法人課税部門における書面添付制度の運用に当たっての基本的な考え方及び事務手続等について(事務運営指針)

個人課税部門における書面添付制度の運用に当たっての基本的な考え方及び事務手続等について(事務運営指針)

資産税事務における書面添付制度の運用に当たっての基本的な考え方及び事務手続等について(事務運営指針)

(趣旨)
国税庁においては、法第35条第1項に規定する意見聴取(以下「意見聴取」という。)を行った結果、調査の必要性がないと認められた場合に、税理士等に対し「現時点では調査に移行しない」旨を原則として書面により通知することとしたことから、所要の整備を図るものである。

 改正(挿入)された具体的な文言としては、

「制度の趣旨・目的を踏まえつつ、例えば顕著な増減事項・増減理由や会計処理方法に変更があった事項・変更の理由などについて個別・具体的に質疑を行うなど、意見聴取の機会の積極的な活用に努める」

となっています。つまり、要約すると「以前は意見聴取をないがしろにしていたものを、以後はきちんとやる」という改正なのです。

 上記改正後の事務運営指針を根拠に、(調査に移行することを前提とした)形式的な意見聴取は当然に認められなくなりました。

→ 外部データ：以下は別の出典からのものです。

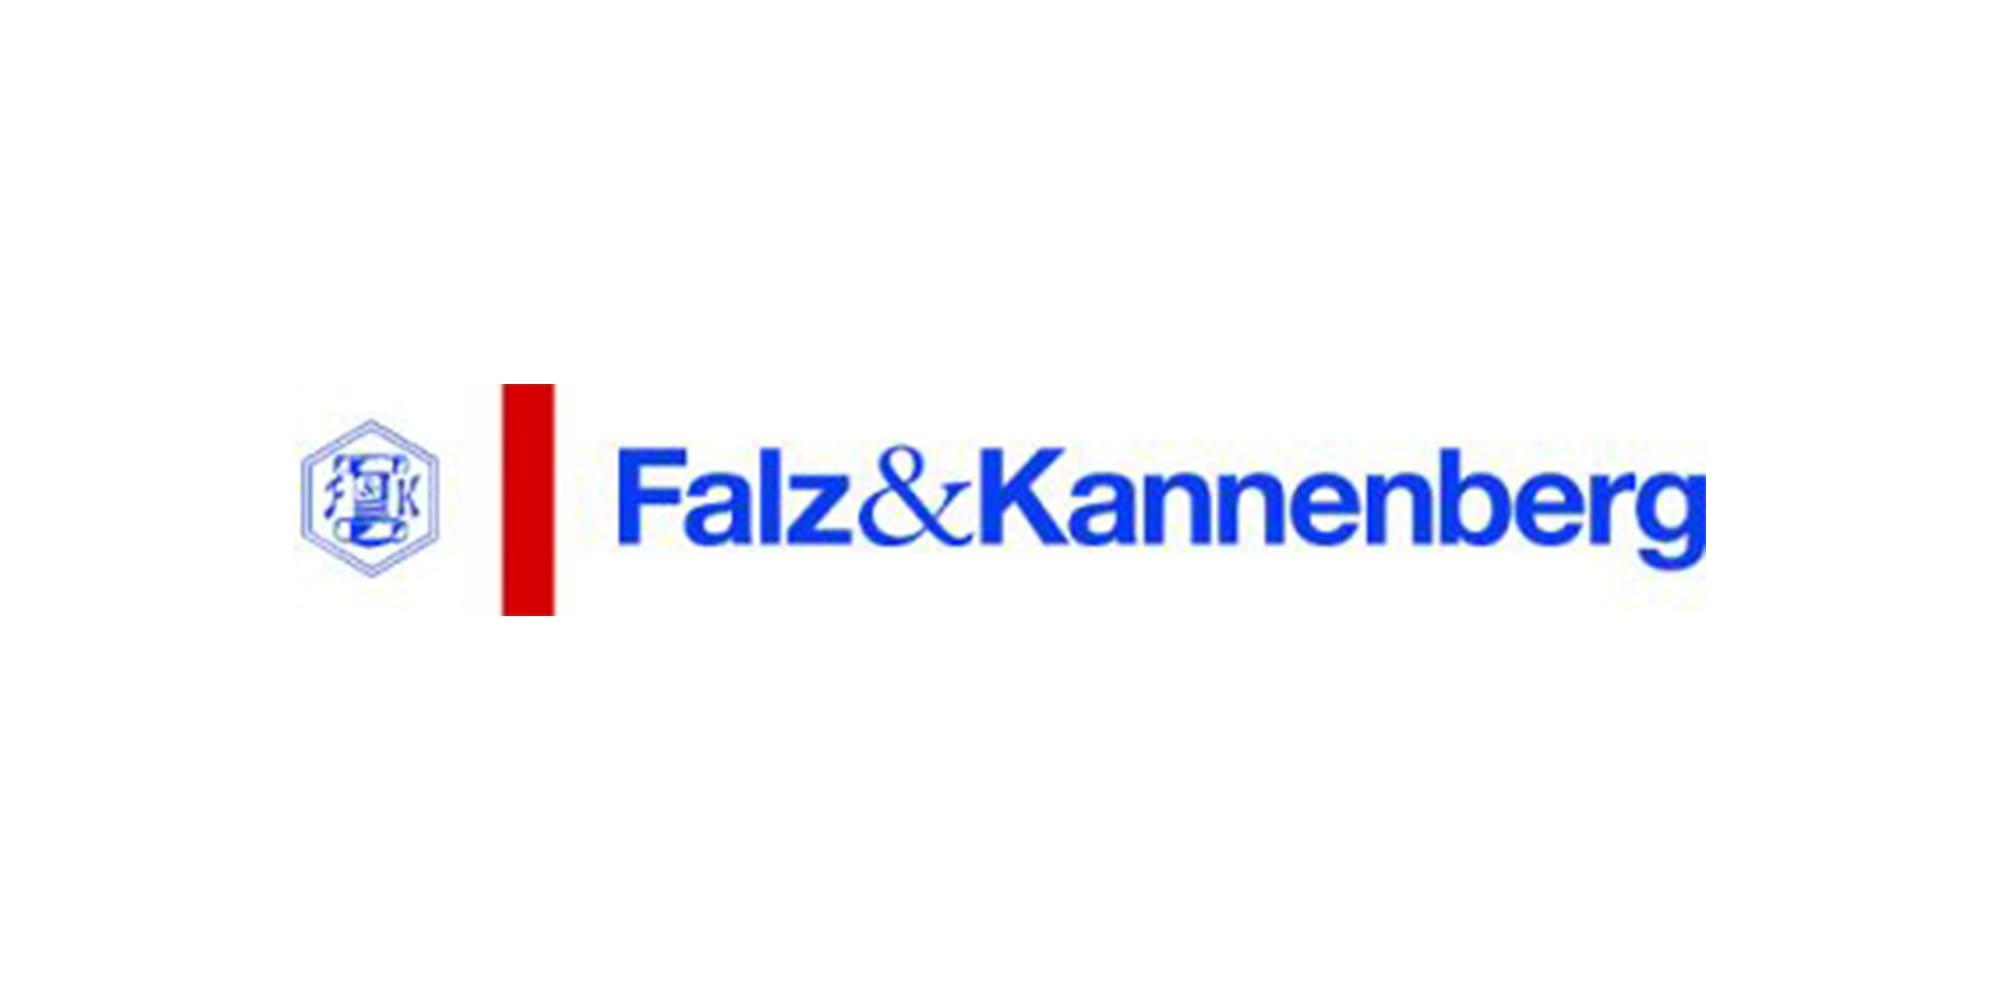 faluundkannenberg_logo

また、意見聴取において担当統括官・調査官が、税理士がきちんと回答しているにも関わらず、実地調査に移行するような発言をした場合は、上記の「趣旨」を主張することで、安易に税務調査に移行することができなくなったのです。

 この点を踏まえれば、さらに書面添付制度にはメリットがあることがおわかりいただけるかと思います。